It’s also much faster, especially if you use the sampling mode which trades a small amount of precision for a great deal of speed.  Crucially, this means it is usable on B2G.  Also, it should be possible for people to use it for long-running sessions, which can be helpful for identifying slow leaks.

And while the new version doesn’t currently run on Windows, it should be fairly straightforward to get it working.  If anyone is interested in helping with this, please contact me, or take a look at the open bug.

I will write a more detailed post about the new version some time in the next few days, once I have updated the documentation and finalized a few more tweaks that should improve usability.  In the meantime, Justin Lebar is already using it in earnest to better understand B2G’s memory consumpion (e.g. see here, here, here, here, here, here, here).

Thanks to Mike Hommey for his excellent replace-malloc infrastructure, on which the new version is built, and to Justin for lots of help, especially with Android and B2G details.

B2G

The option that allows B2G to merge system compartments, previously implemented and landed by Kyle Huey, was enabled by default.  This is a big deal, because it’s the single biggest memory consumption improvement B2G has seen and is likely to see before version 1 is released.

Gabriel Svelto reduced the number of unused dirty pages kept around by jemalloc on B2G.  This can save ~4 MiB of memory across all processes, at a potential cost of making some allocations a little slower.  On a device as memory-constrained as the B2G phones, this is a good trade-off.

Social API

Felipe Gomes reduced the memory consumption of the social API when multiple browser windows are open.  This change has been backported to the beta channel, so it will be present in Firefox 18, in time for the bigger publicity push for this feature.  (For those of you that don’t like Facebook, please note that if you don’t enable the social API it will not affect Firefox’s performance in any way.)

Miscellaneous

I added a MEMORY_VSIZE telemetry reporters, which measures virtual memory consumption.  This might help us understand how many Windows users would benefit from 64-bit builds.

Bug counts

Here are the current bug counts.

  • P1: 17 (-3/+3)
  • P2: 126 (-2/+14)
  • P3: 106 (-4/+7)
  • Unprioritized: 0 (-2/+0)

MemShrink Progress, week 69–70

It’s been a bumper two weeks for MemShrink.

B2G

Gregor Wagner tweaked the JS garbage collection heuristics on B2G so that collections occur more frequently.  This prevents too much garbage from accruing, which is important on low-memory B2G devices.
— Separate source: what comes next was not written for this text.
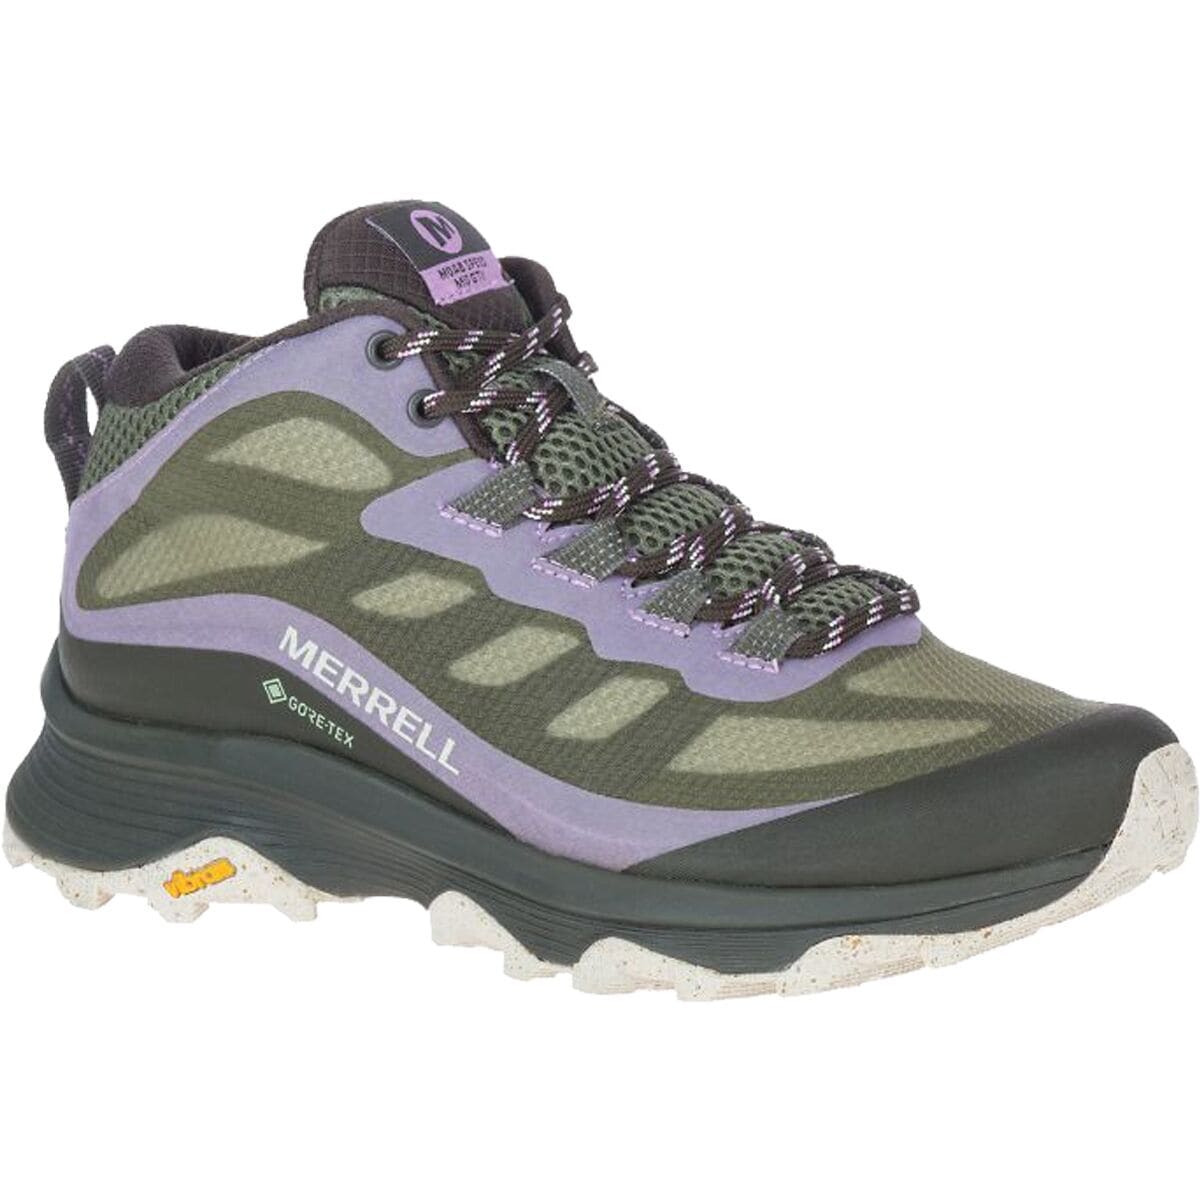 Merrell Moab Speed Mid GORE-TEX Hiking Shoe - Women's - Footwear

Justin Lebar disabled sync on B2G, because it isn’t used.

Justin also implemented the ability to dump GC/CC logs when a particular signal is received, which is particularly useful for B2G.

B2G’s Operation Slim Fast is in full swing.  Please see the tracking bug for details about what is happening.  While there are a number of important fixes in the pipeline, memory consumption is still a critical issue for B2G simply because the devices don’t have much memory in the first place.  Any additional help from Mozilla developers will be greatly appreciated.  For example, if anyone can help identify unnecessary compartments, that would be helpful.

Memory Reporting

Boris Zbarsky improved the reporting coverage of style sheets.  We’ve seen this improved coverage account for over 1% of explicit on desktop and over 2% of explicit on B2G.

I fixed some double-counting of style sheets, and slightly improved the reporting coverage of style sheets and JS compartments.

Nathan Froyd added memory reporting for telemetry.

Justin Lebar fixed some over-reporting of the JS stack.  Justin also added to about:memory the ability to read JSON memory report data from the clipboard.

I renamed DMD as DMDV, in preparation for its in-progress, non-Valgrind replacement to take over the original name.

Testing With Valgrind

Gary Kwong has done some heroic work recently getting Valgrind tests passing on Tinderbox.  (Strictly speaking, the tests run Memcheck, which is the default Valgrind tool and is synonymous with Valgrind)  His blog post about it is well worth reading.

This is important for MemShrink because Memcheck can detect an important class of memory leaks — ones where all references to a block of memory are lost and so the block leaks forever.  But it’s also important for Firefox as a whole because Memcheck can detect a slew of other memory-related errors, such as writing unaddressable memory (e.g. buffer overruns) and using undefined values in dangerous ways.  These are the kinds of defects that cause crashes, security vulnerabilities, and other major problems.

The tests are currently hidden on TBPL because they only run on mozilla-central once a day, which is generally not enough for a test suite to be reliable enough to be worth unhiding.  Having said that, the ability to write suppressions for errors found with Memcheck complicates considerations;  see bug 800435 for further discussion.

Add-ons

Gregg Lind fixed things so that our Aurora/Beta users are certain to get an up-to-date, non-leaky version of the Test Pilot add-on.  (Version 1.1.2 was the leaky version;  version 1.2.0 or later has the fix.)  This was a longstanding MemShrink:P1 bug.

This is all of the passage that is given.